> [YOUR ASSIGNMENT] This calls for a word-for-word copy of all the data, with each picture removed.

> [DATASET SECTION]
++++++++++++++++++++

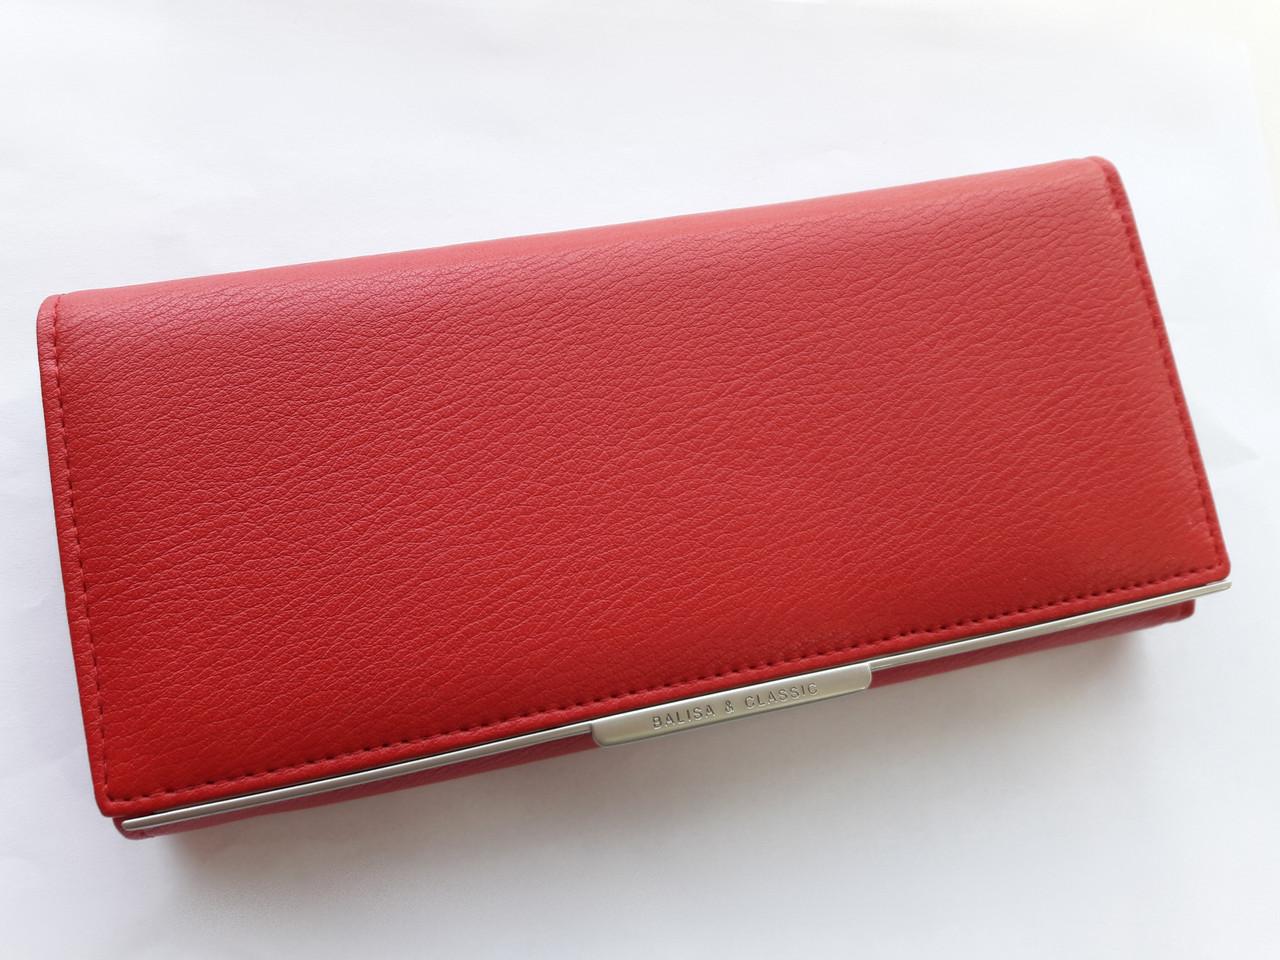 Женский кошелек Balisa С88200-145 красный Кошельки Balisa оптом по низким ценам
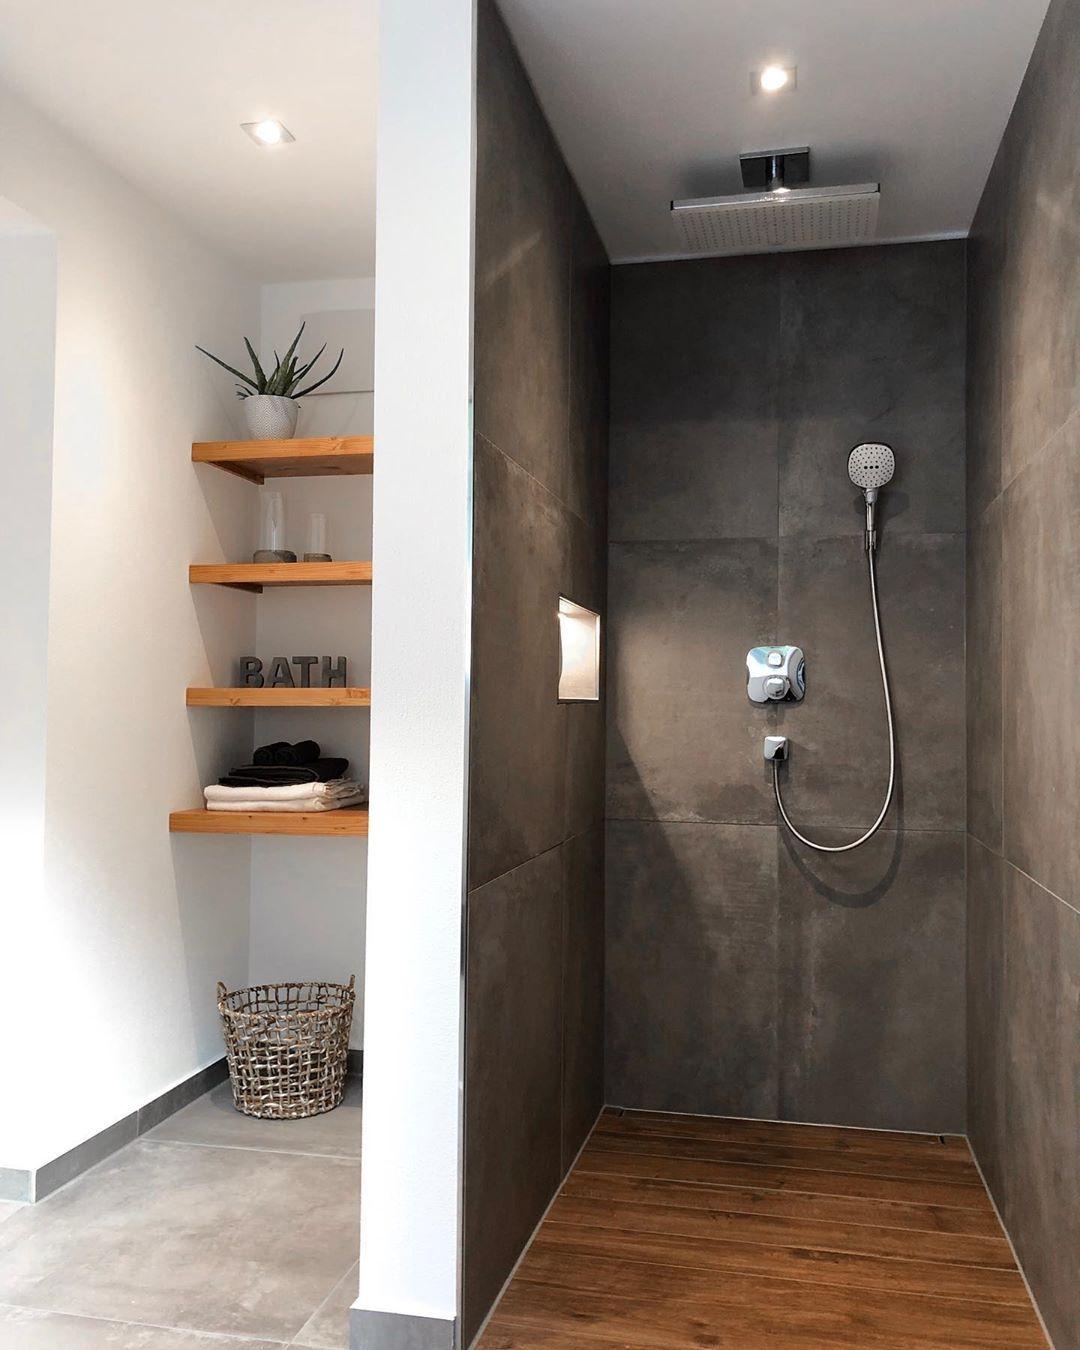 20 Holzfliesen badezimmer Ideen   badezimmer, badezimmerideen ...
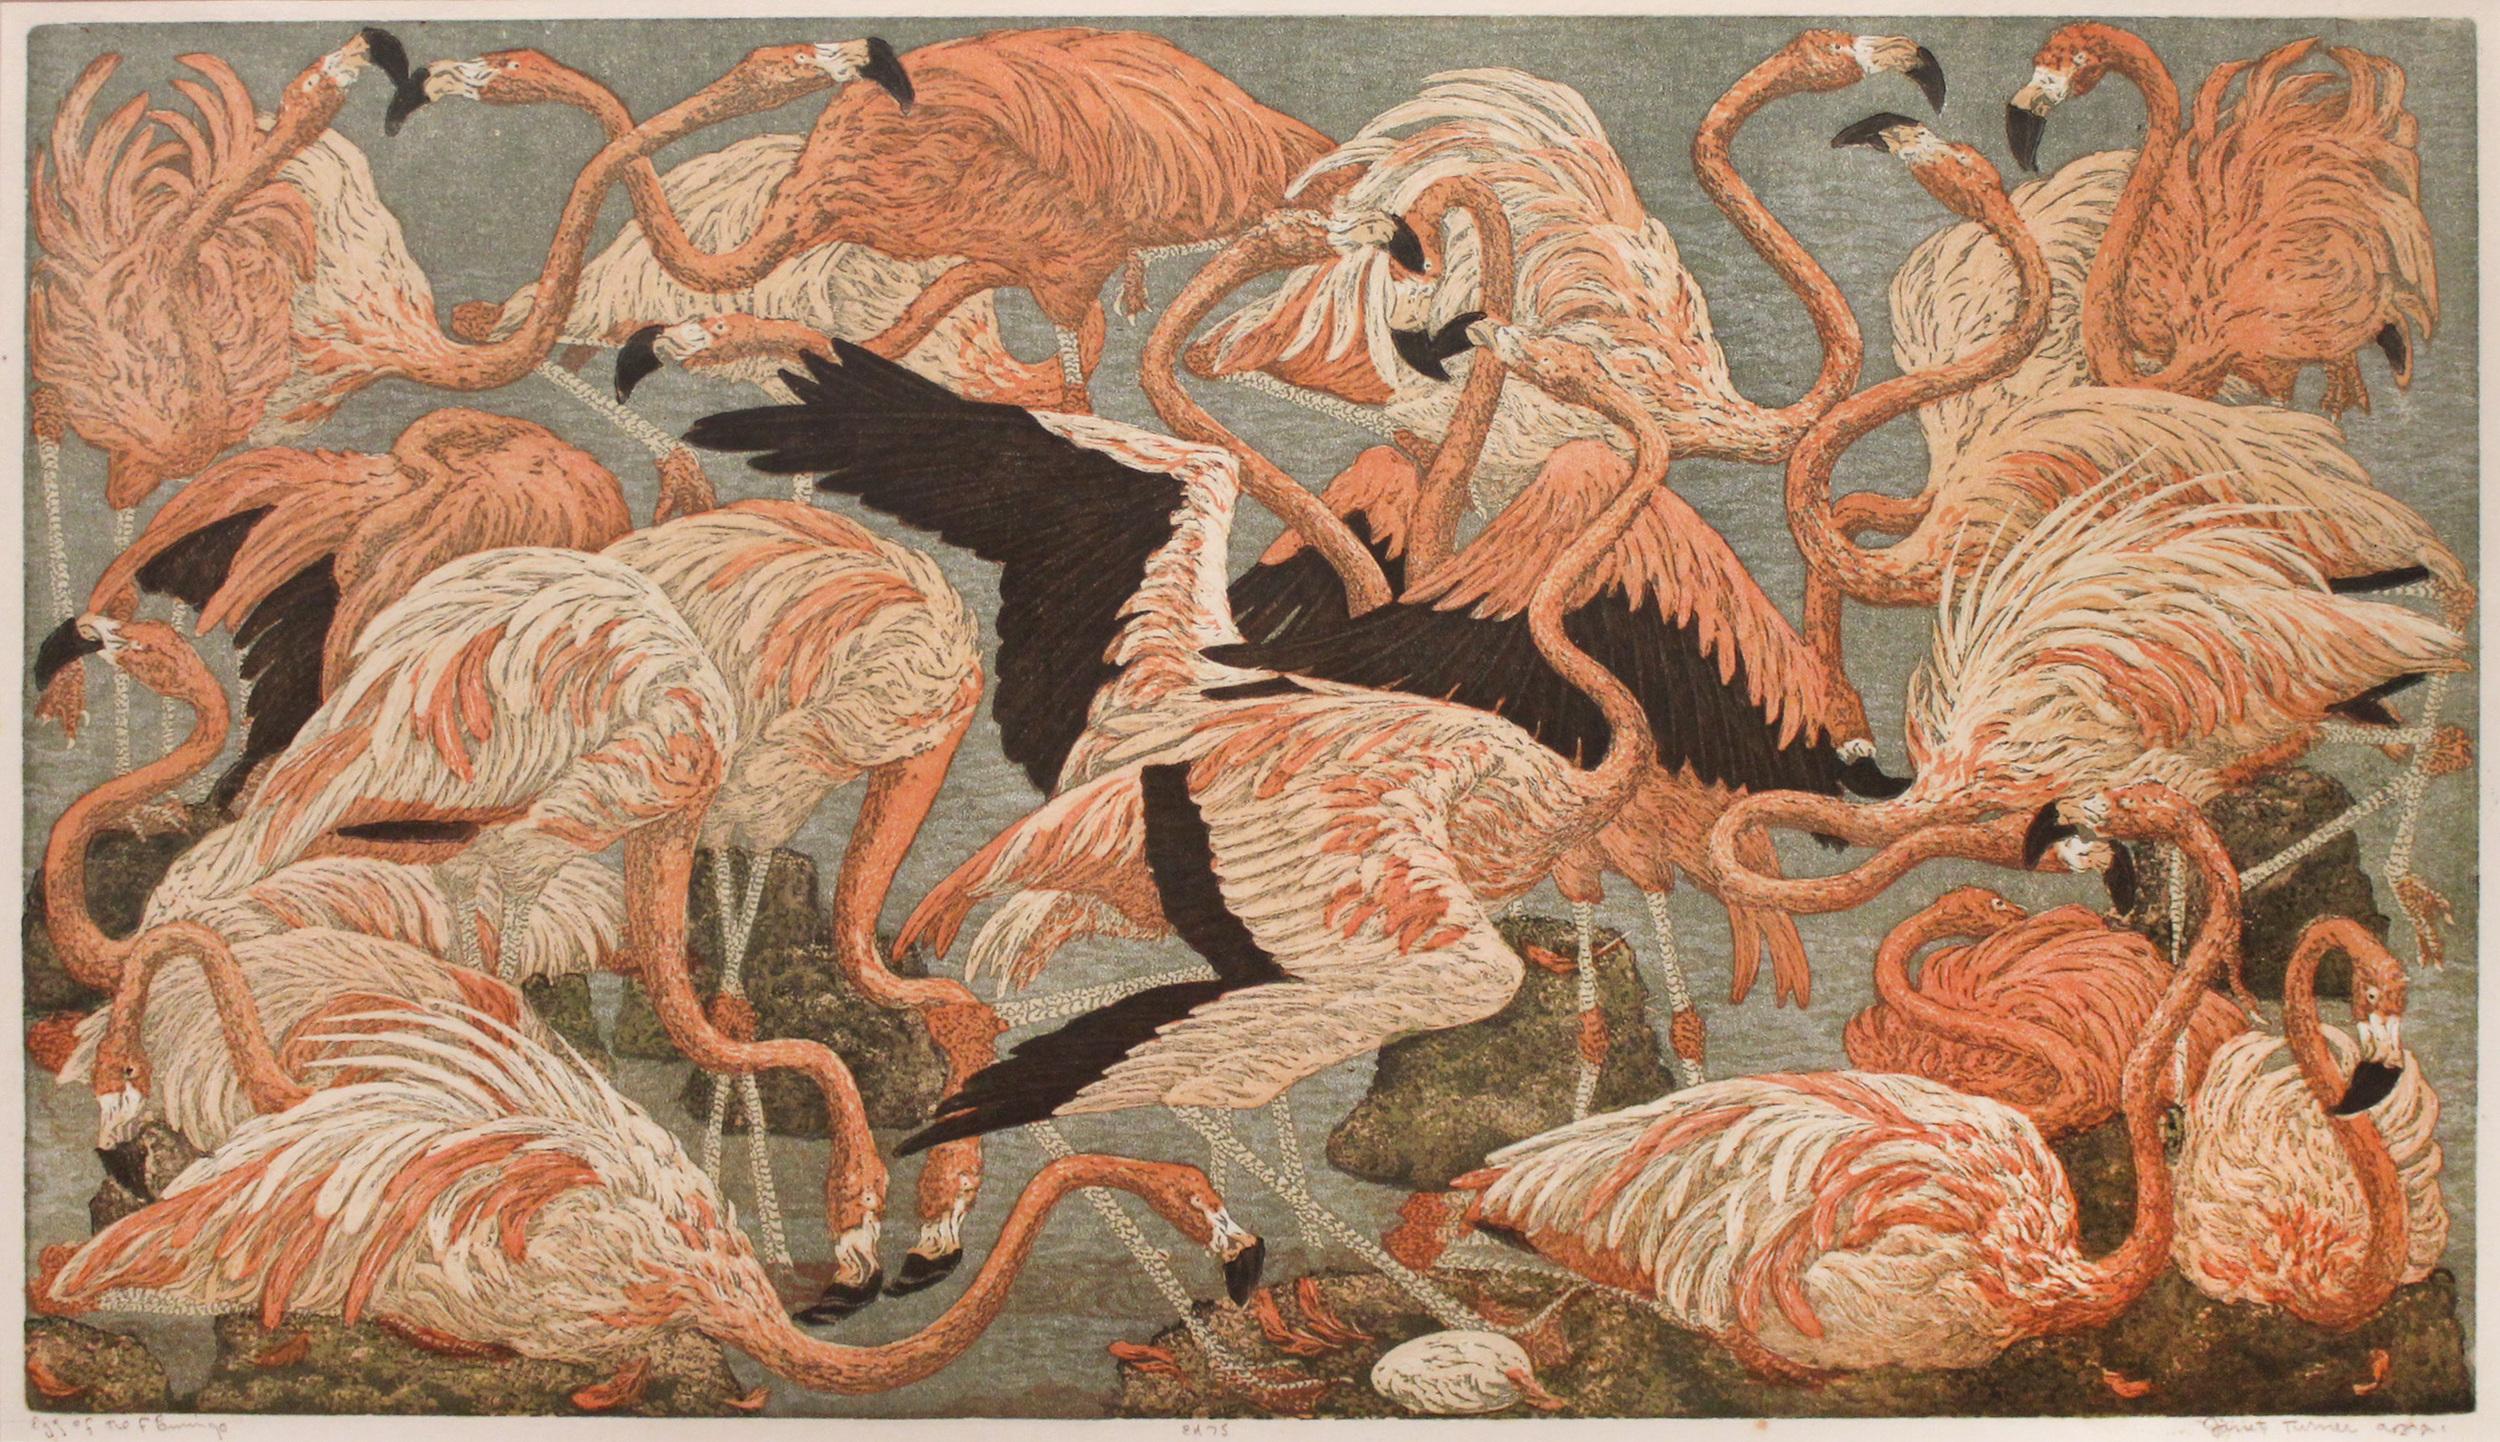 turner_egg_of_flamingo.jpg

++++++++++++++++++++

> [RESPONSE AREA]
 Женский кошелек Balisa С88200-145 красный Кошельки Balisa оптом по низким ценам
 20 Holzfliesen badezimmer Ideen   badezimmer, badezimmerideen ...
 turner_egg_of_flamingo.jpg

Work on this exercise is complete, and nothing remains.